Humphreys not only acted as the college’s president but was directly involved in its curriculum, as he taught science, natural philosophy, and astronomy as well as Greek and Latin. In fact, in a list of the faculty from 1852, Humphreys is listed both as the president and as a “Professor of Moral Science,” demonstrating his interest in teaching his students virtue beyond the physical sciences. He is also described in a biography as having taken an interest in Euclid during his studies at Yale. In these ways, Humphreys embodied the St. John’s Program long before it was implemented in 1937, 80 years after his death.
Humphreys was heavily involved in the St. John’s College community, and he also engaged in Christian ministry around Annapolis. The five sermons in our library archives were delivered at local churches such as St.
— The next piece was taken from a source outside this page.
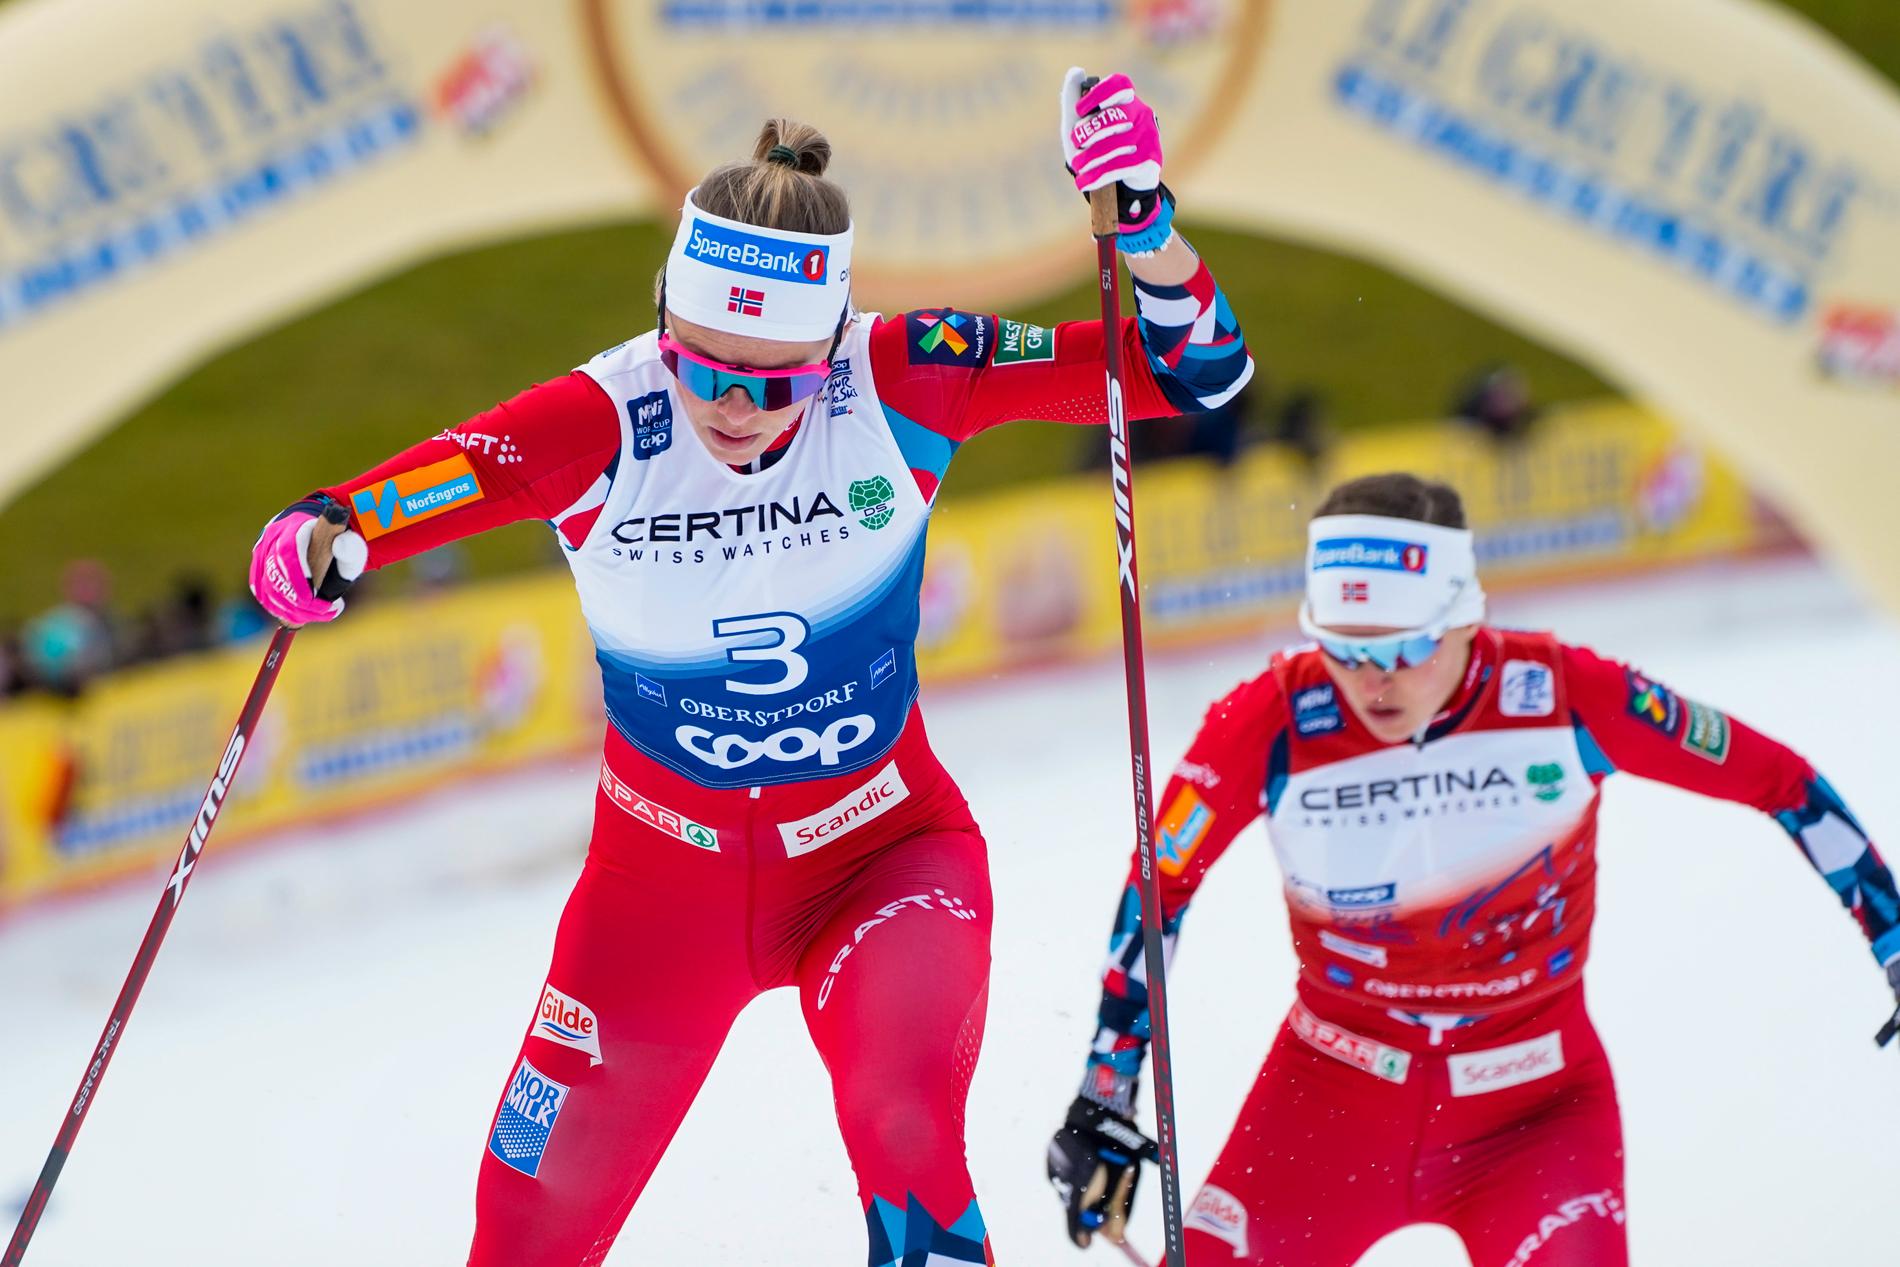 Anne Kjersti Kalvå breaks the Tour de Ski after testing positive for Corona

Anne’s Episcopal Church, All Hallows Church, and St. Margaret’s Church, as well as at the Naval Academy. One of these speeches I transcribed, titled “Wonders of the Deep,” spoke about a Christian’s relationship to the ocean; it was poetic and commanding while demonstrating Humphreys’ scientific bent.
The clearest example of this can be found in a passage that, curiously, was partially struck through; Humphreys praises God and his regulation of particles, saying: “It is He who blows the elements of the atmosphere in portions so exact, that to increase or diminish either, would diffuse death instead of life. Behold, then, this Grand Regulator of Heat and Cold ... ” Humphreys excised a portion of this paragraph, but we can glean from reading it in its entirety how his scientific views blend with religion, and how his understanding of particles is used to praise his God. Even in his sermons, we get a sense of Humphreys’ interdisciplinary approach to education.
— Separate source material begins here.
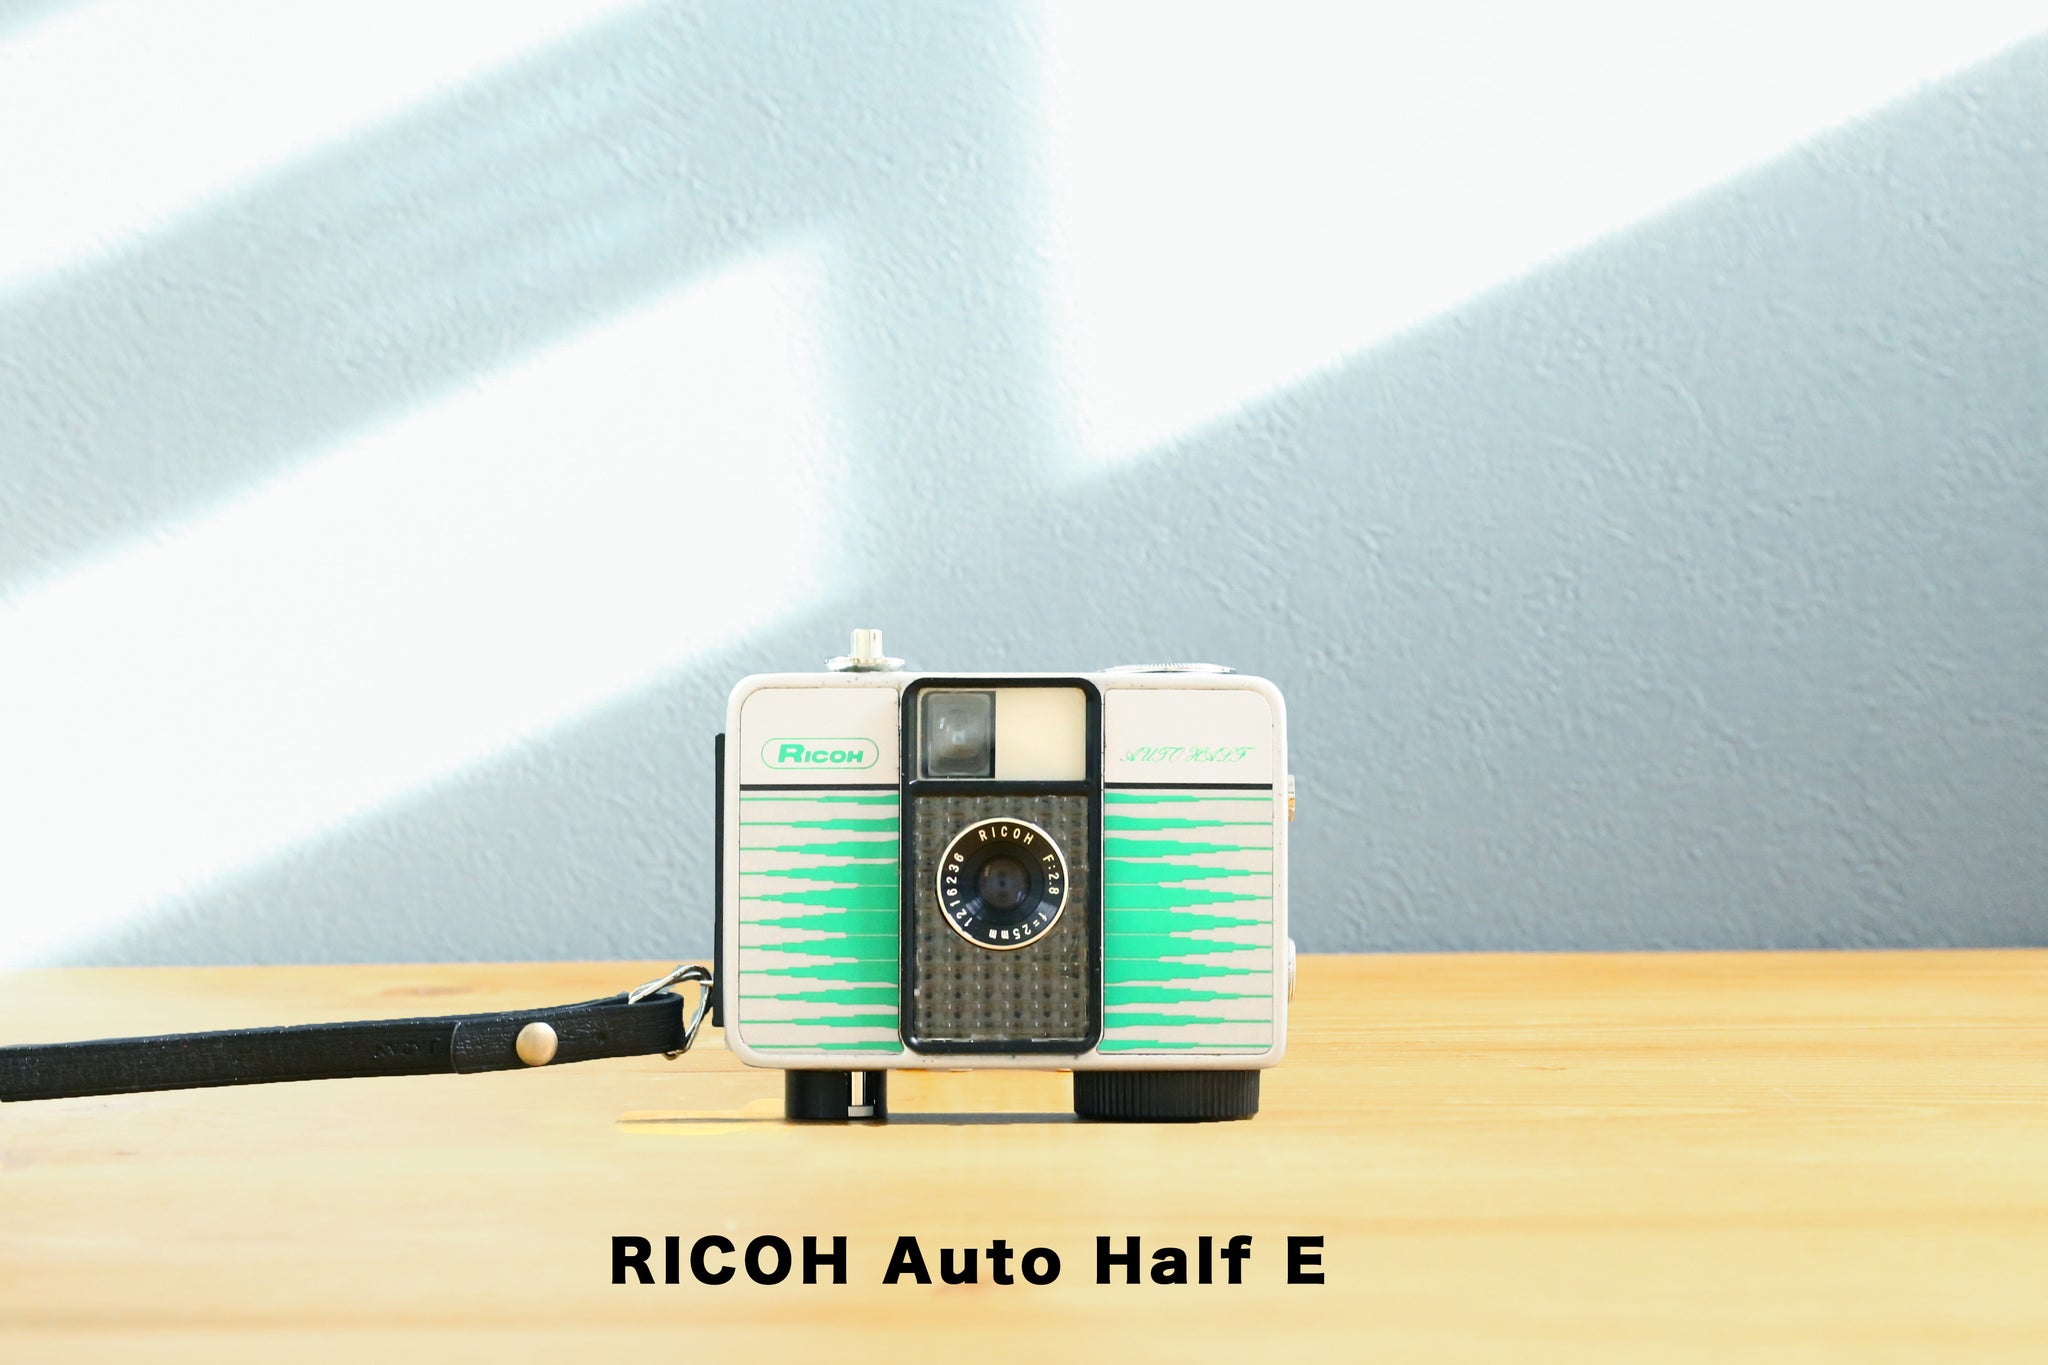 RICOH Auto Half E【完動品】 – Ein Camera

The item that fascinated me most in Humphreys’ papers was his farmers’ manual. Humphreys produced nearly 100 pages and drew clear and precise diagrams to illustrate his experiments. I was drawn to his skillful illustrations and thoroughness. I was also intrigued by questions that I could not answer, such as, “What inspired Humphreys to dive so deeply into this topic?” We can see that Humphreys was a man who was strongly devoted to scientific inquiry, and his passion for teaching allowed him to share science with others—even local farmers. It seems, in fact, as if there was no academic discipline Humphreys, and I feel that an unrelenting search for knowledge across any area is a characteristic of St. John's students across decades, if not centuries in this case.
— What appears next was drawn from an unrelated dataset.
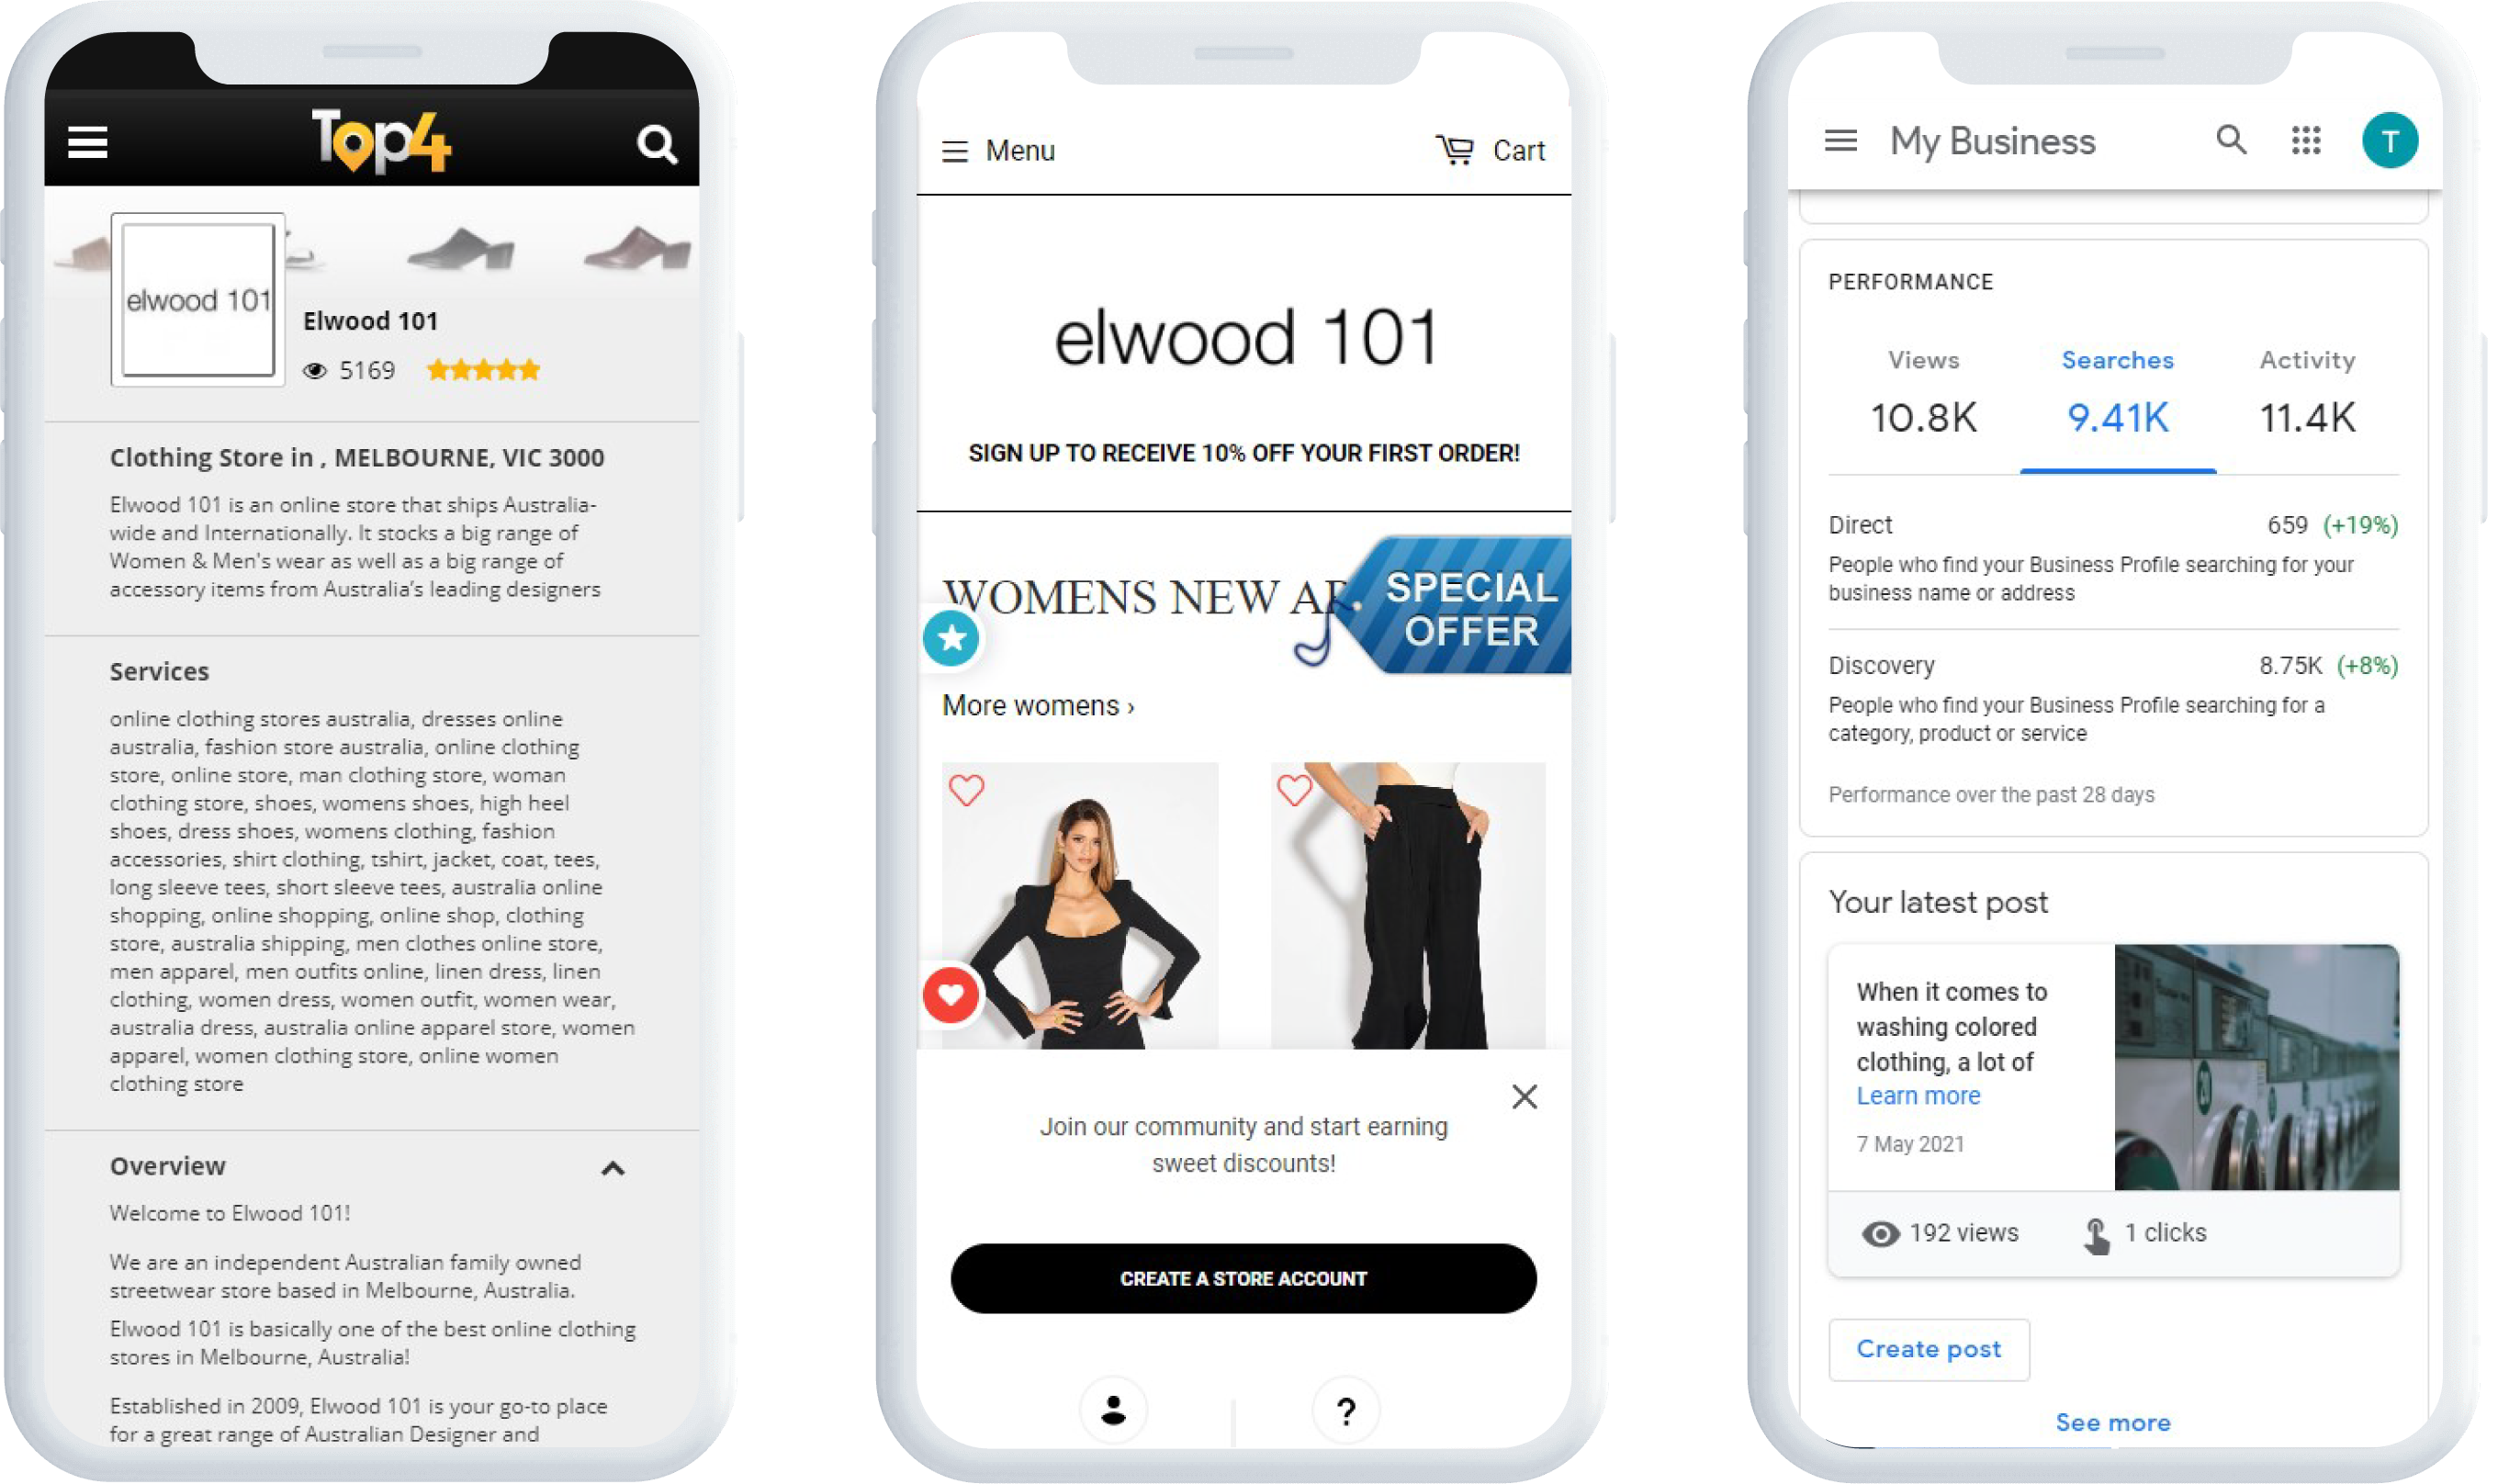 Digital Marketing for Fashion – Elwood 101

Following a summer spent making Humphreys’ papers more accessible to the public, I became acquainted with the president who revived St. John’s College when it was in critical condition. While fewer than 30 items, they present a compelling image of an influential leader. The portrait of the stern-looking man hanging in McDowell Hall now resembles to me a man motivated by interdisciplinary learning, Christianity, and care for his students. Instead of a stranger, I now see a Johnnie.